Benny Lang made a sour face. “We’d be just like the poor damned German technicians hauled off to Russia at the end of World War II.” Lee did not understand the reference. Seeing that, Lang went on, “Never mind. Whatever you propose is better than hanging. I think most of us will be willing to go along. I know I will.”

“The reason I chose to put the question to you first, Mr. Lang, is that you are one of the Rivington men likeliest to be chosen to help us comprehend the products of your time. By most accounts, you have comported yourself well here in the Confederate States: you fought bravely on our behalf—and then later, it must be said, against us—and, while living the planter’s life in Rivington, you treated your Negro servants relatively well. This lets me hope, at least, you will be able to accommodate yourself to your changed circumstances.”

“I’ll manage. Given the alternative, you can bet I’ll manage,” Lang said.

“Yes; that would offer considerable incentive—so much so, in fact, that we shall carefully examine every man’s sincerity and credentials before even considering his release. Your sentences may possibly be suspended; they shall not be forgotten.”

“You’d be stupid if you did forget them,” Lang said, nodding. “The other thing that worries me is, not an of us know the kinds of things you will want to learn. Up in our own time, we weren’t professors, you know. A lot of us were soldiers or police. Me, I repaired computers.”

“There. You see what I meant about the gap between your time and mine?” Lee said. “I haven’t the faintest idea what a, ah, computer is, let alone how to repair one.”

“A computer is an electronic machine that calculates and puts information together very quickly,” Benny Lang said.

Lee almost asked him what sort of machine he had said, but decided not to bother, as he doubted the answer would have left him enlightened—the gap again. He chose a simpler question:, ‘What does a computer look like?” When Lang explained, Lee grinned like a small boy—one mystery solved! “So that’s the proper name for the qwerty.”
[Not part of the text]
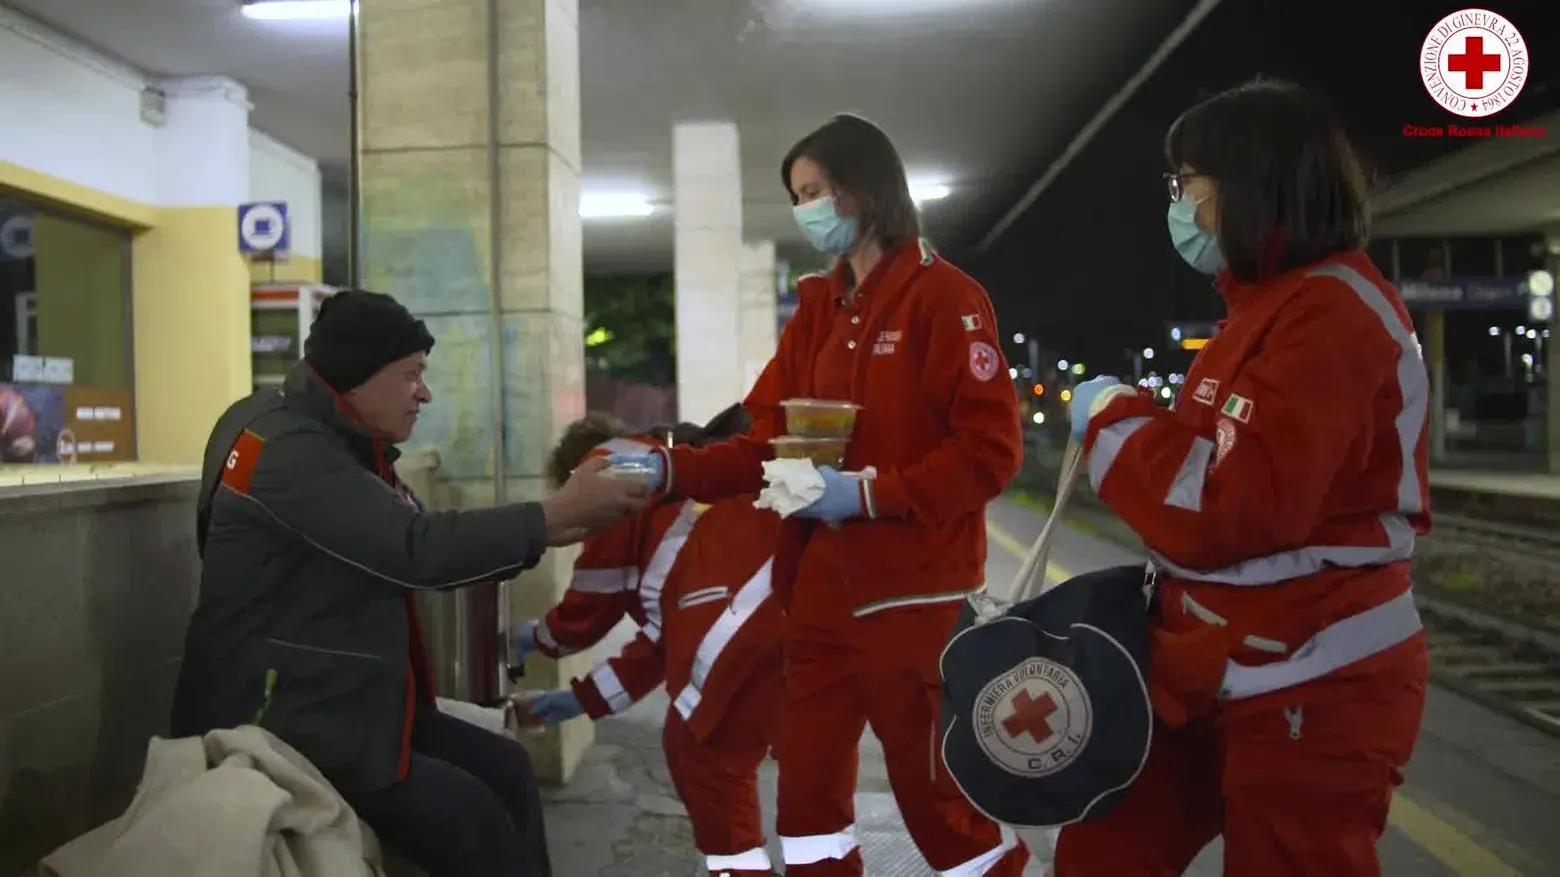 La Croce Rossa di Merate è in prima linea per aiutare le persone in difficoltà

“For the what?” Lang’s confusion lasted only a couple of seconds. “Oh. You named it for the keyboard, didn’t you? That’s not bad. Give me a steady supply of electricity and I’ll show you things with that machine the likes of which you’ve never imagined.”

Lee believed him. The Rivington men had already shown him—shown all the South—a great many things whose likes had never been imagined. Some of them, he thought, should have remained unimagined. He wondered if the computer would prove to be one such. Time alone would tell. He said, “If the device be as useful as you say, will you teach us to manufacture more like it? We have commenced production of our own AK-47s, you know.”